Lawyers Briefing Notes
Fri, 16 Sep 2011
Indemnity Costs: pursuing a weak claim
Costs under CPR Part 44.4 are awarded on a standard or indemnity basis. If a party is awarded costs on an indemnity basis the court will resolve any doubt about the reasonableness of the costs claimed in favour of the receiving party.
It is extremely rare for a party to recover all of its costs from the opponent and so any opportunity to claim costs on an indemnity basis would be an attractive proposition.
The factors that fall to be considered when deciding whether to order indemnity costs have been developed incrementally through case law and the following are not exceptional propositions:-
Indemnity costs are not intended to be penal and regard must be had to what in the circumstances is fair and reasonable.
An order for indemnity costs can be made even where the paying parties conduct can not properly be regarded as deserving of moral condemnation.
The court has a very wide discretion but there must be some conduct or some circumstances which takes the case out of the norm.
The conduct must be unreasonable to a high degree.
Pursuing a weak claim will not usually, on its own justify an order for indemnity costs but to maintain a claim that a party knows or ought to know is doomed to fail on the facts and law is conduct that is so unreasonable as to justify such an order.
There is no injustice to a claimant in denying it the benefit of an assessment on a proportionate basis when the claimant has shown no interest in proportionality in casting its claim disproportionately widely requiring the defendant to meet such a claim.
If one party has made a real effort to find a reasonable solution and the other has resisted that sensible approach then the latter puts himself at risk.
Rejection of a reasonable offer will not automatically result in an order for indemnity costs but where the successful party has behaved reasonably and the losing party has behaved unreasonably the rejection of that offer may result in such an order.

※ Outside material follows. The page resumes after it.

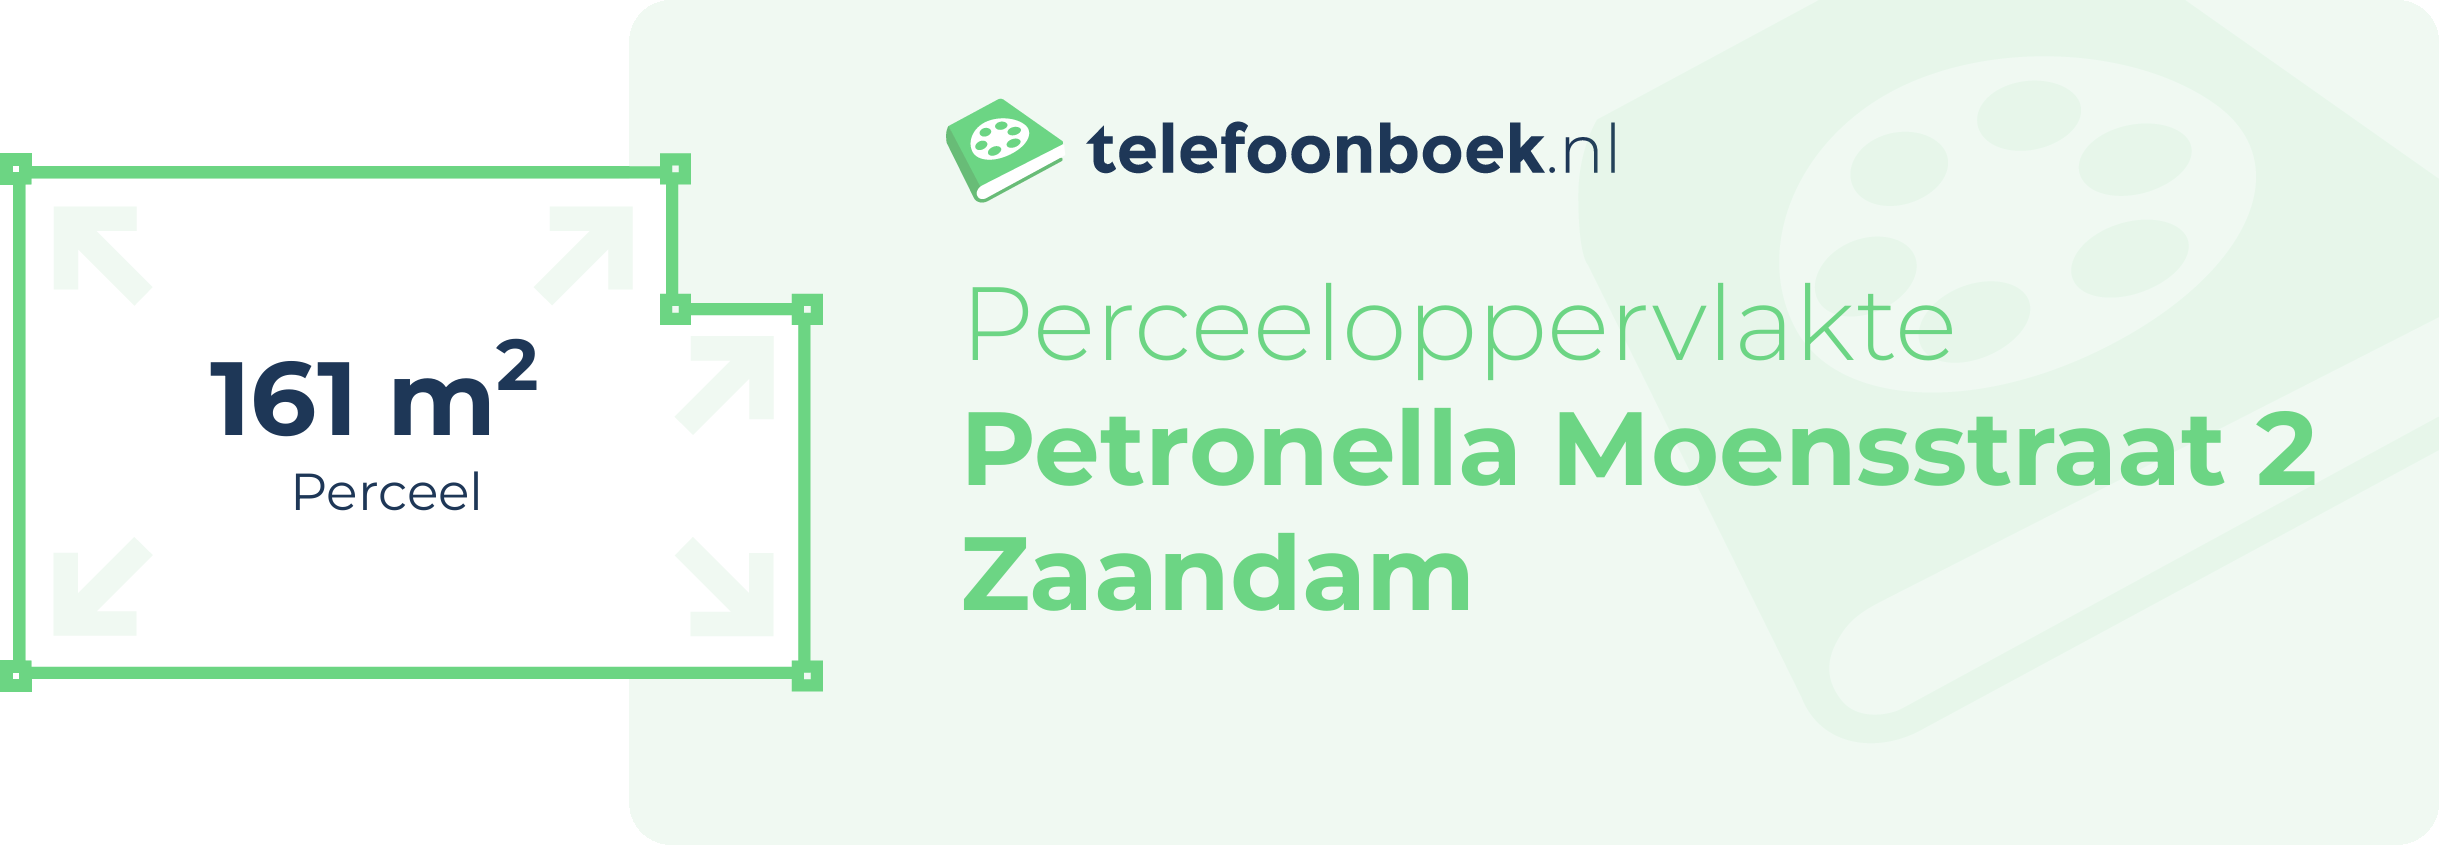 Perceeloppervlakte Petronella Moensstraat 2 Zaandam

Rejection of two reasonable offers can of itself justify an order for indemnity costs.
Whilst every cases turns on its facts, clearly the application of any of the above propositions could be persuasive in a claim for indemnity costs following success at trial or on application at detailed assessment.
The recent decision of Southwark LBC v IBM UK Limited [2011] EWHC 653(TCC) the court decided that it was appropriate to order indemnity costs from the time when an offer to settle made by the defendant should have been accepted by the claimant in circumstances where it would have been apparent to the claimant by that time that it was pursuing a weak claim.
Southwark LBC had advanced claims based on an overarching contract, misrepresentation, negligence and collateral warranty, its main complaint being that the software provided by IBM UK Limited was not fit for purpose.
At trial, the claim by Southwark was dismissed and judgment was entered for IBM. IBM sought indemnity costs on the basis that Southwark pursued the action without any evidence about its allegations. In the case, Southwark did not serve any witness statements choosing instead to rely on pre contract documentation and proof of a collateral contract. The judge considered this to be evidence in support of its allegations. However, by the end of 2010 when the witness statements had been served, Southwark should have become aware that its case was seriously weakened.
Pursuing a case consisting of wide ranging and shifting allegations, the judge accepted that Southwark had put its case in a variety of ways however the essential case was always that the software was not fit for purpose. By mid January 2011, after the exchange of witness statements, Southwark should have been aware that over half its complaints on suitability were not supported by its own expert and again, at that stage, should have been aware that its case was at best very weak.
It was around this time that IBM put forward a ‘drop hands’ offer which the court said was a good offer given the difficulties which Southwark ought to have appreciated and there was no good reason why it was not accepted.
The court decided that the facts of this case pursuing a weak claim was sufficient to justify an award of costs on an indemnity basis.
There is a caveat to this decision in that the court was able to identify a point in time where Southwalk should have been aware that they were pursuing a weak case but continued regardless.
Undoubtedly, this case should serve as a short across the bows to would be claimants who are pursuing a frivolous claim. This does not mean to say that they don’t have a legitimate claim but the deciding factor will be whether the claim is weak on the evidence.